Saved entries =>
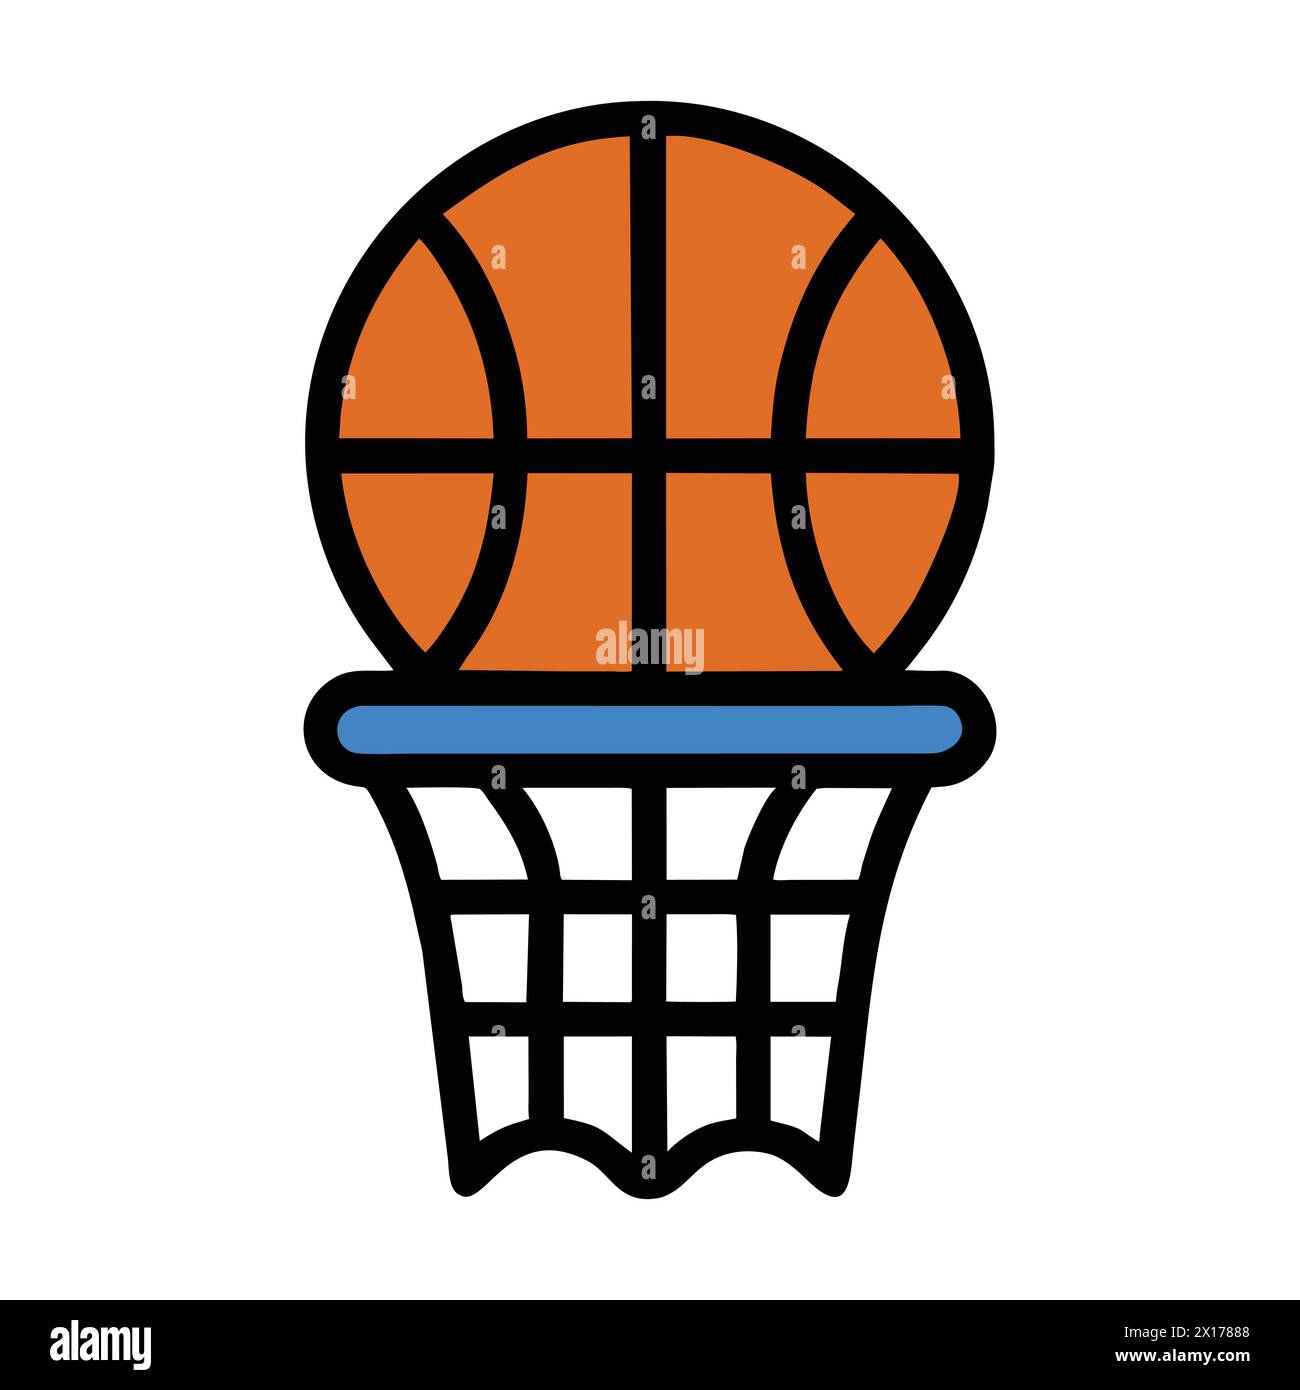 Icona tablero de basketbol - "icona campo da pallacanestro - Design isolato ideale per progetti e grafica sportiva" Illustrazione Vettoriale
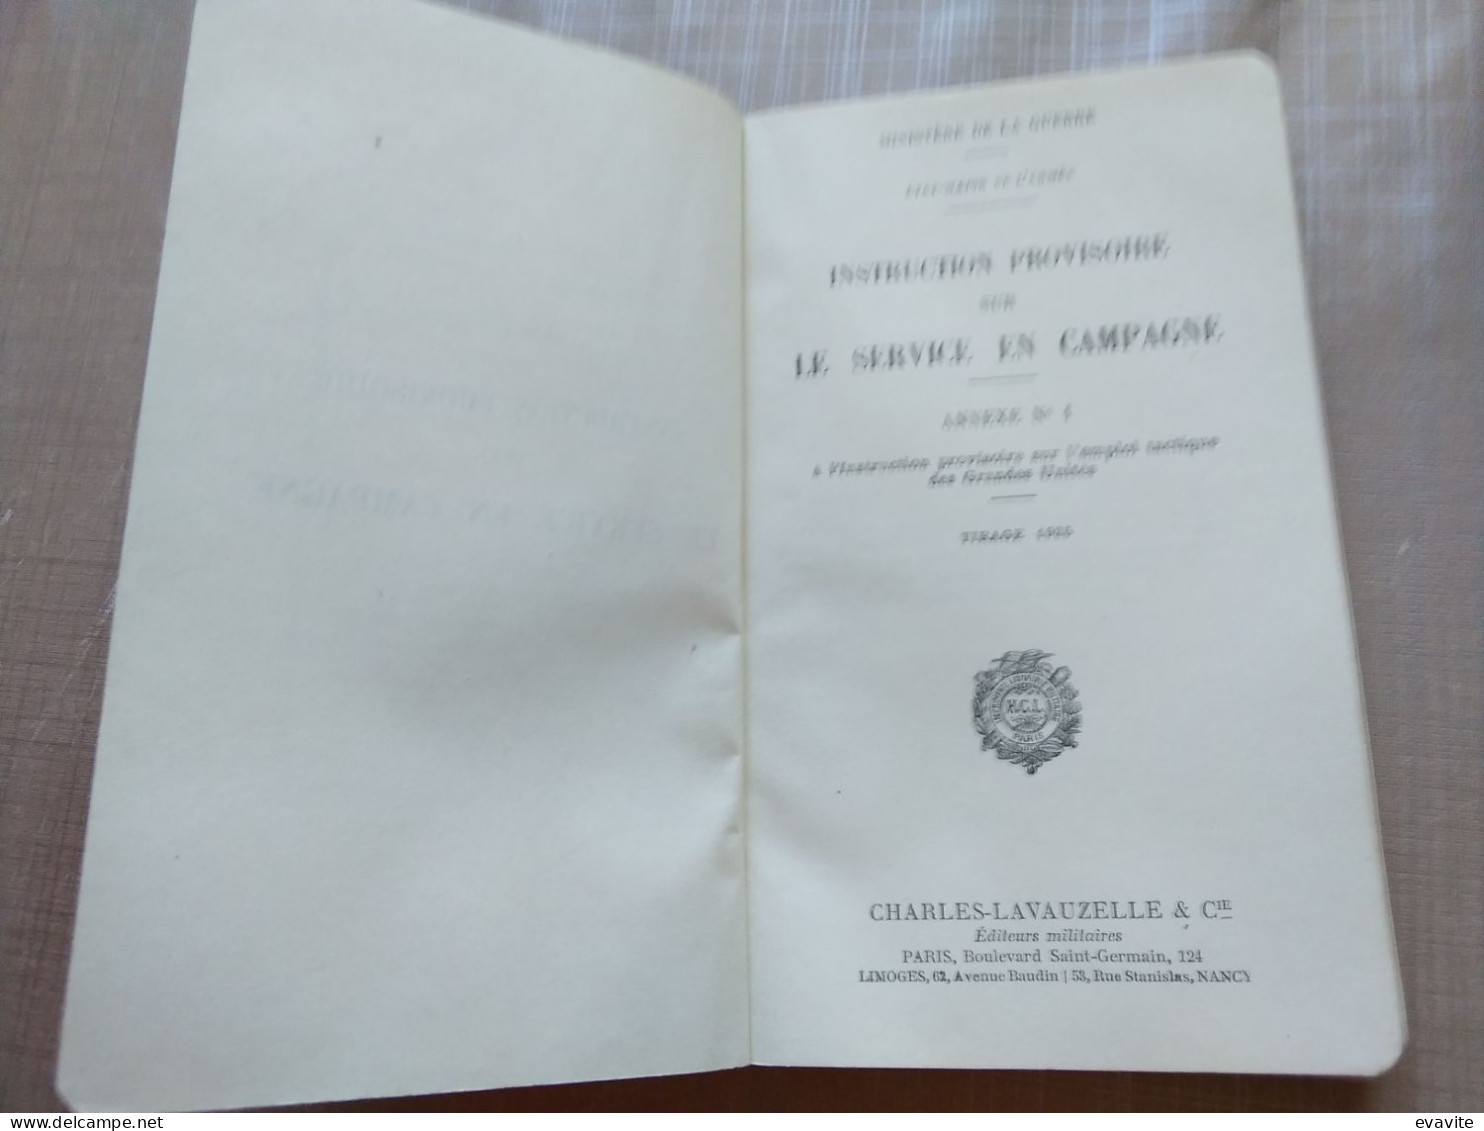 1924 - Ministère De La Guerre - Instruction Provisoire Sur LE SERVICE EN CAMPAGNE Annexe N° 1 - Francese
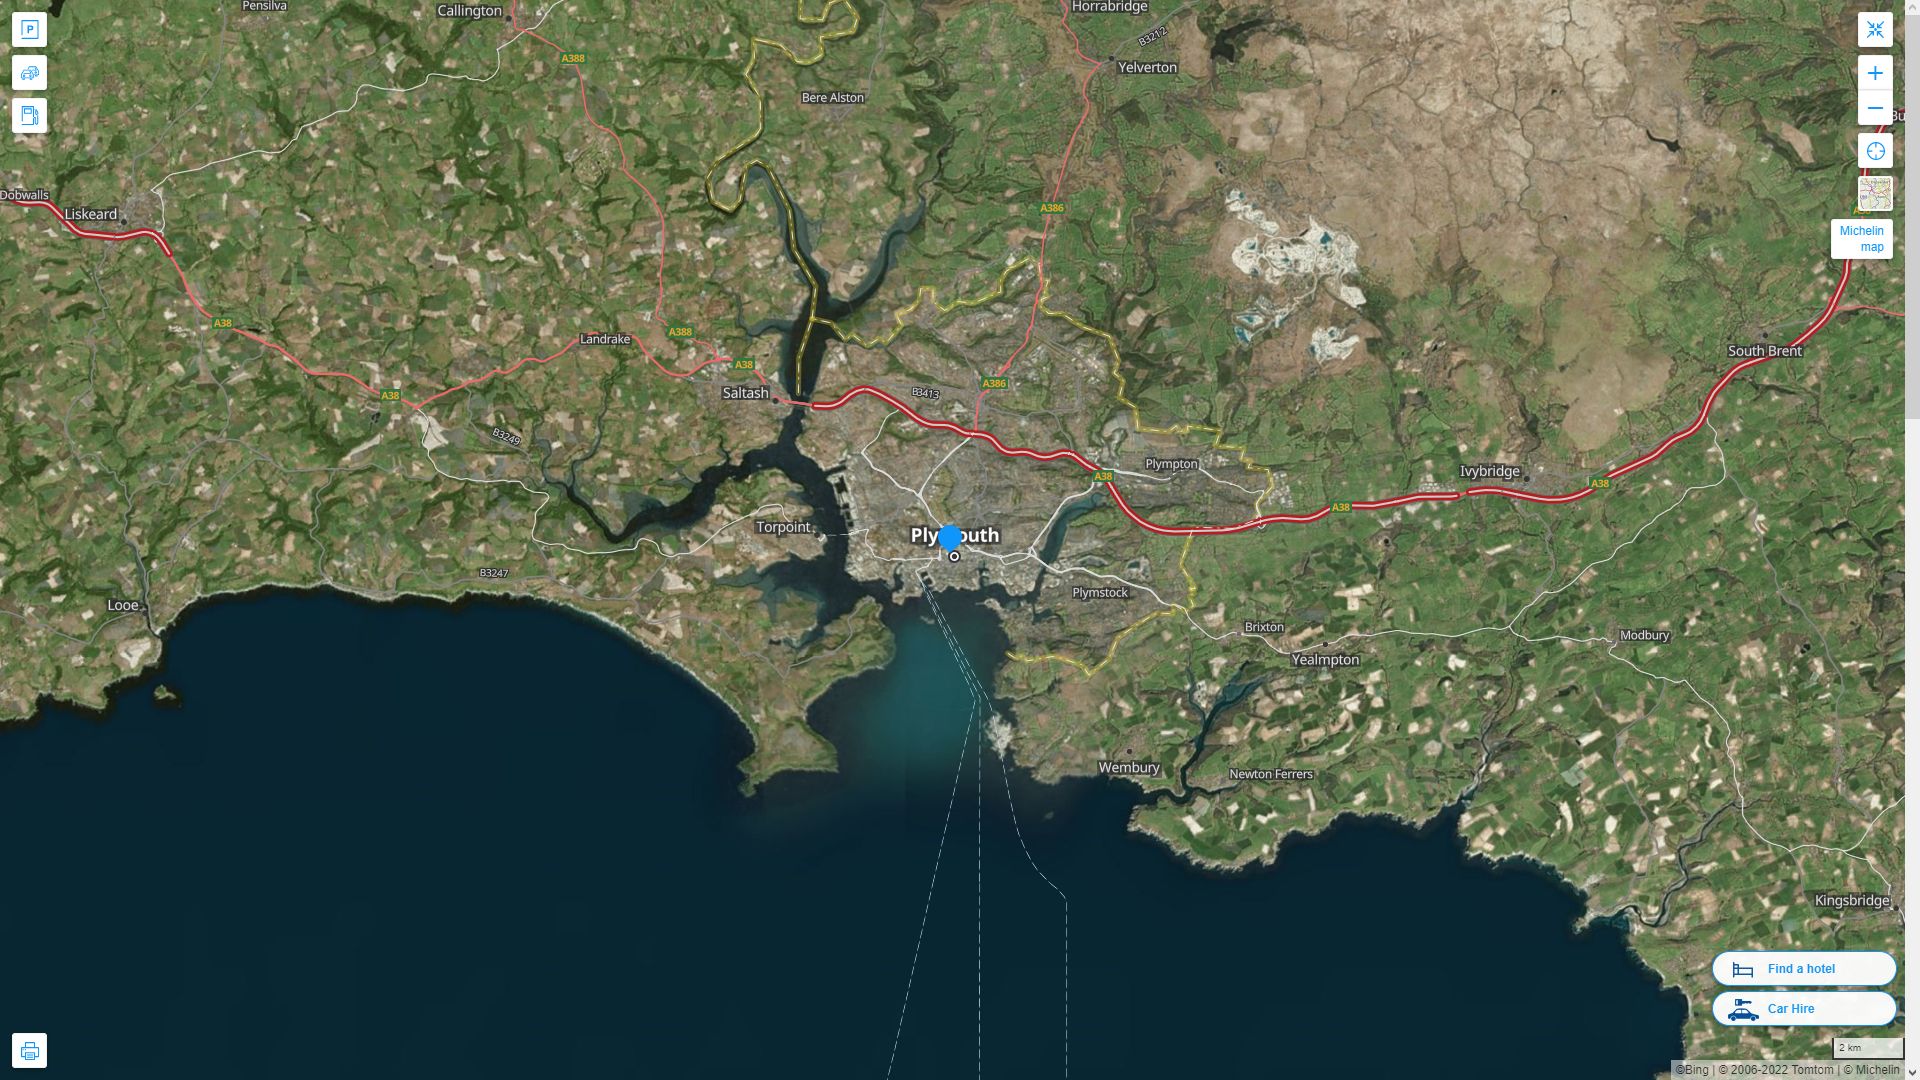 Plymouth Royaume Uni Autoroute et carte routiere avec vue satellite
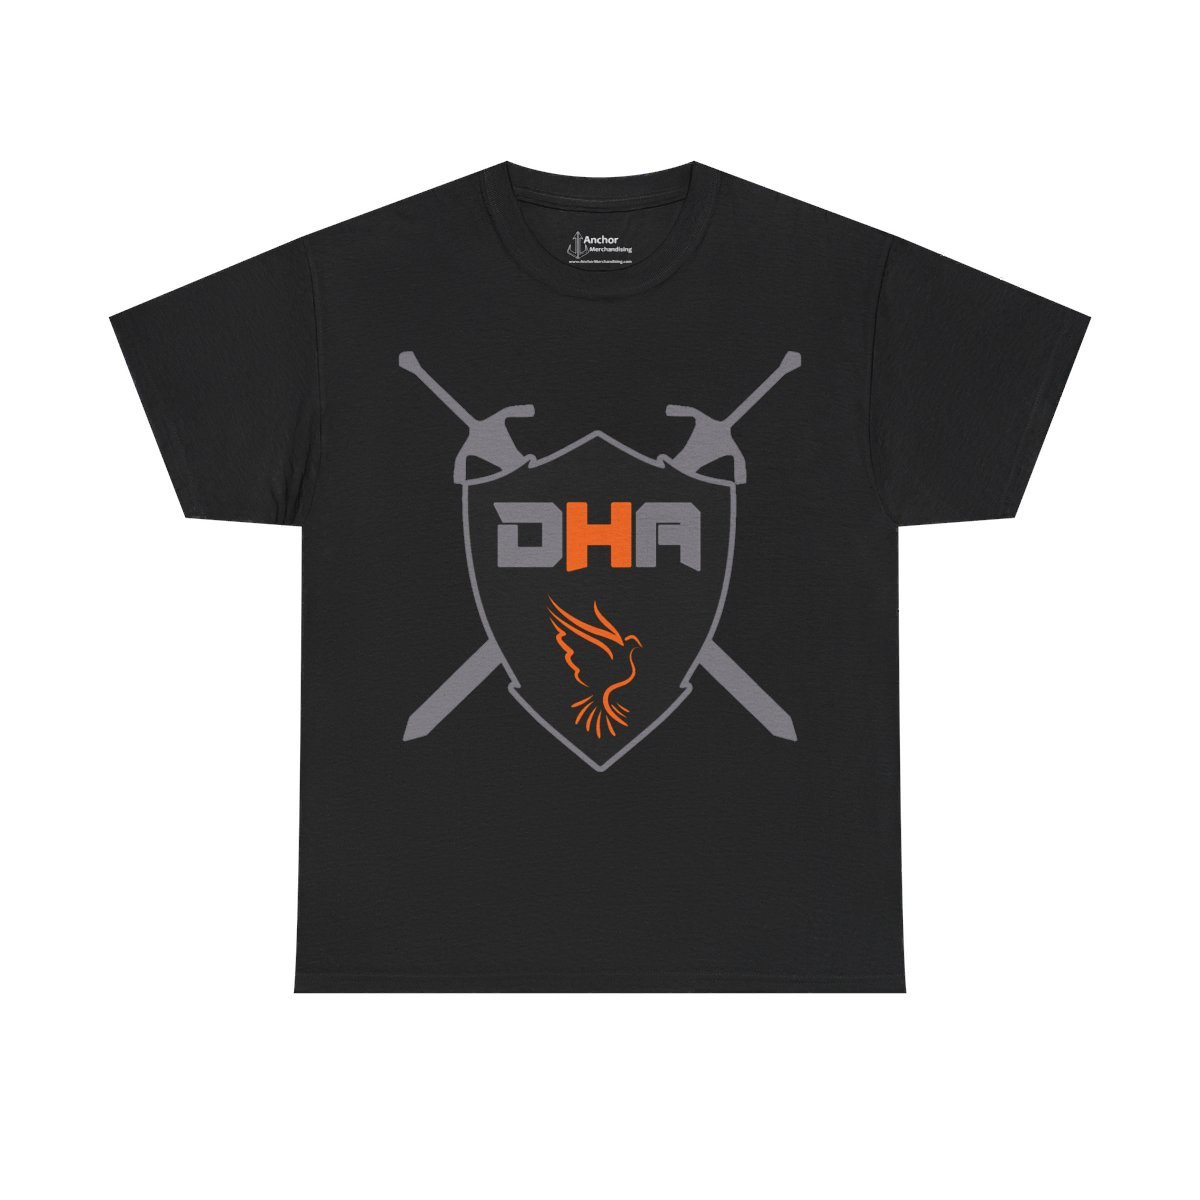 Metal House DHA Short Sleeve Tshirt
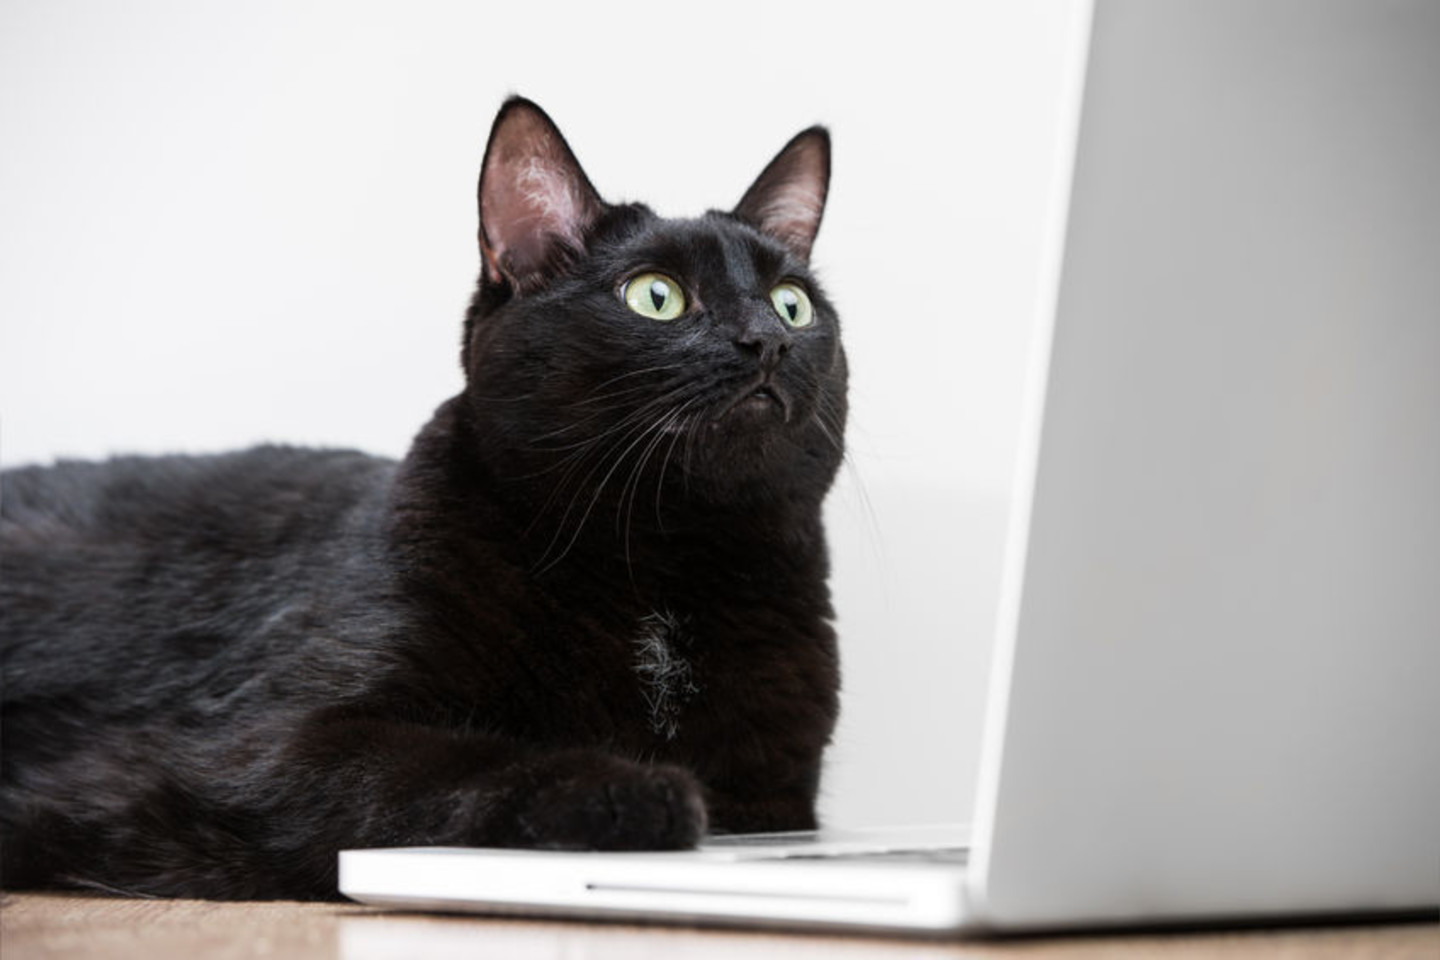 Kol jūsų nebūna namie, katės pasinaudoja ir jūsų kompiuteriu, keldamos į „YouTube“ vaizdo mokymus kitoms katėms.<br>123rf nuotr.

Problem requirements =>
Would you write out exactly the lines of the data from the one holding "Metal House DHA Short Sleeve Tshirt" to the final line, both included, with pictures left out?

Solution for this exercise =>
 Metal House DHA Short Sleeve Tshirt
 Kol jūsų nebūna namie, katės pasinaudoja ir jūsų kompiuteriu, keldamos į „YouTube“ vaizdo mokymus kitoms katėms.<br>123rf nuotr.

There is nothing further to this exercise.